Mic-1 Off and Other Video Highlights


The Press Enterprise has published the entire 500 page report from the California Highway Patrol on the Feb. 8 incident involving former Riverside Chief Russ Leach at this link and included the dash cam video from the squad car that had been assigned to patrol officers, Jeremy Miller and Grant Linhart. A picture's worth a thousand words and a video is a thousand pictures and the visceral reaction to watching the traffic stop unfold at least a portion of it stirred much response in viewers across the city and served up some serious ire all over again. People who have watched this train wreck unfold since it started are bringing with them the experiences of everyone they ever knew who was stopped for a suspected DUI, evaluated and handcuffed to be placed in the back seat of a squad car to be shipped off to be booked and even jailed.

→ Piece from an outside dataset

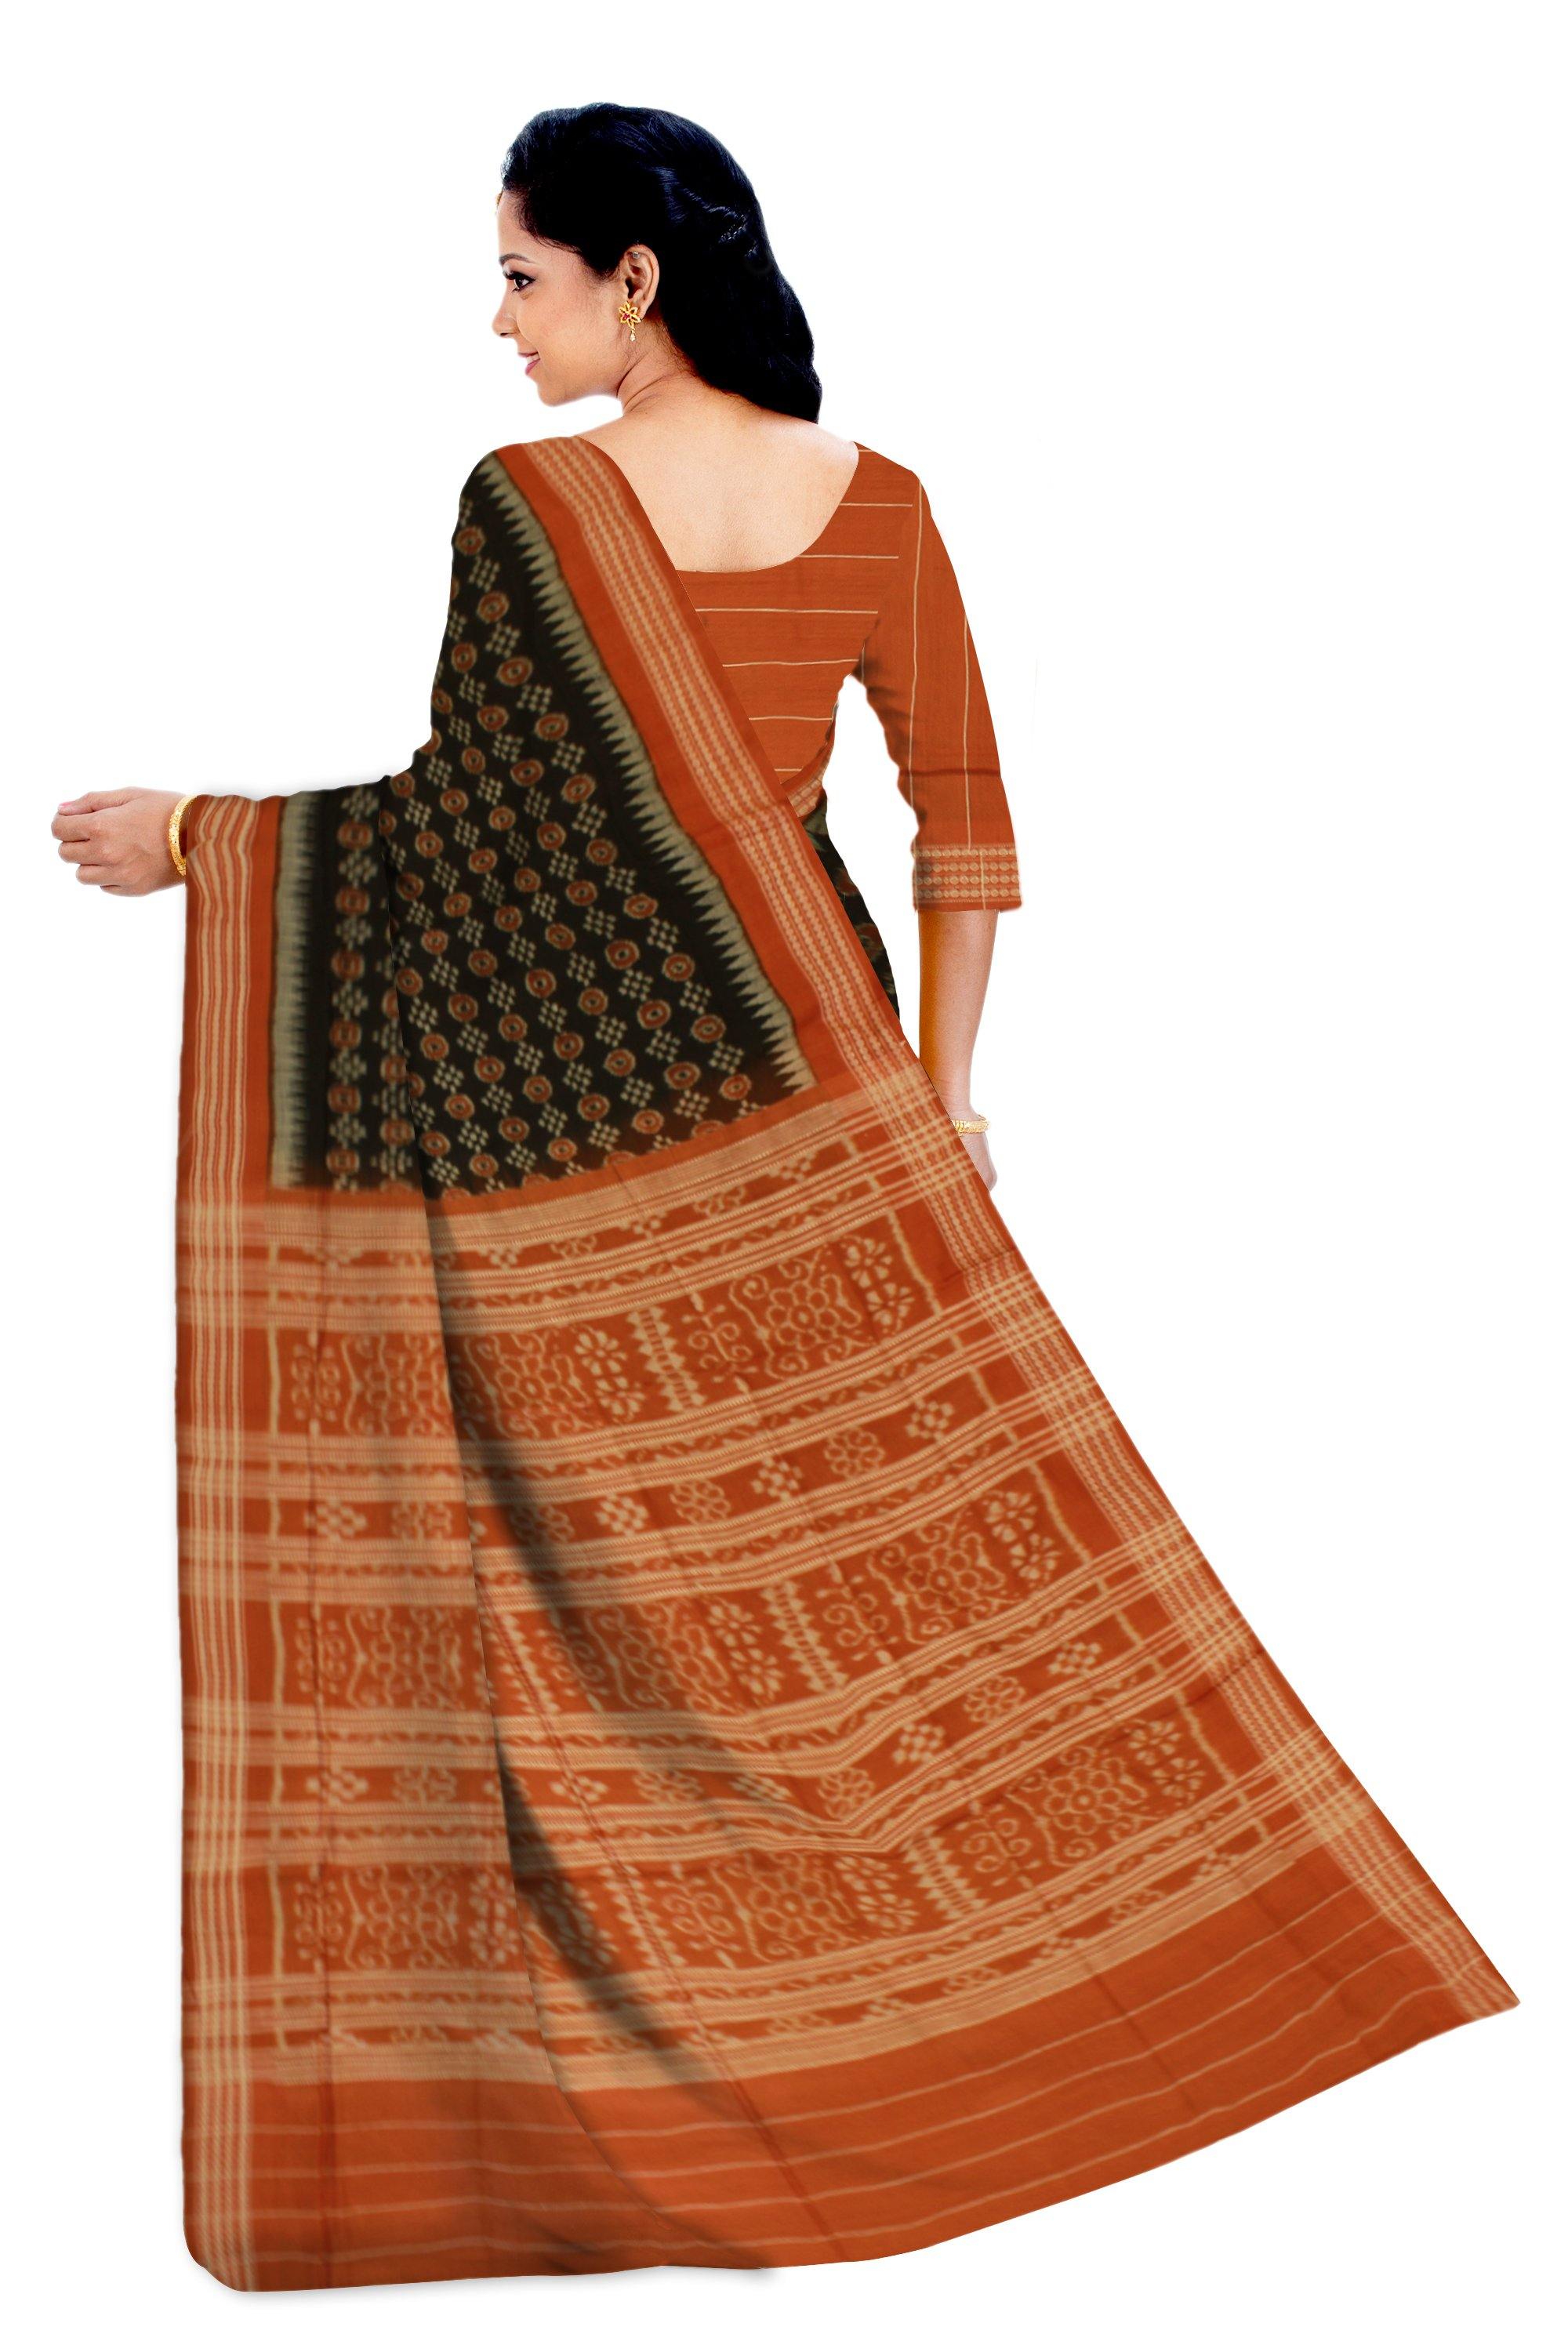 Sambalpuri IKAT Sare with Sapta and Flower print with out blouse piece - Koshali Arts & Crafts Enterprise

It's very hard for many of these people to reconcile what they've seen, heard and even experienced involving DUI stops of ordinary motorists with what's unfolding on the video which captured this one involving Leach. And yes, watching the immediate deference of the patrol officers to Leach, them signaling each other, and then the video go silent, stirred some strong reactions in people. People hear and discuss and joke about the double standard all the time but the police department's own technology allowed them to see it firsthand. It's like hearing that preferential treatment's given out to politicians and police chiefs by officers often enough to believe it or to wonder if it's true and then voila, getting to see in a matter of speaking one such case of preferential treatment unfold.

To say the video in itself hasn't elicited some strong reaction would be putting it lightly but it's been like that since this whole thing began, with each update in the chain of events eliciting more ire that's aimed at the police department and also at City Hall. It could be a very interesting election cycle next year. Because of all the sentiment out there about needing to clean out City Hall including its government. Whether that sentiment will permeate into the election cycle which still remains almost exactly a year away remains to be seen.



The posting of the links on the news articles gives readers the opportunity to check out the investigative report that the publication had been trying to get hold of for several months but ran into some static from Riverside's very own City Hall which had asked either or both the CHP and the Riverside County District Attorney's office to suppress the report from release until after City Manager Brad Hudson completed his own report.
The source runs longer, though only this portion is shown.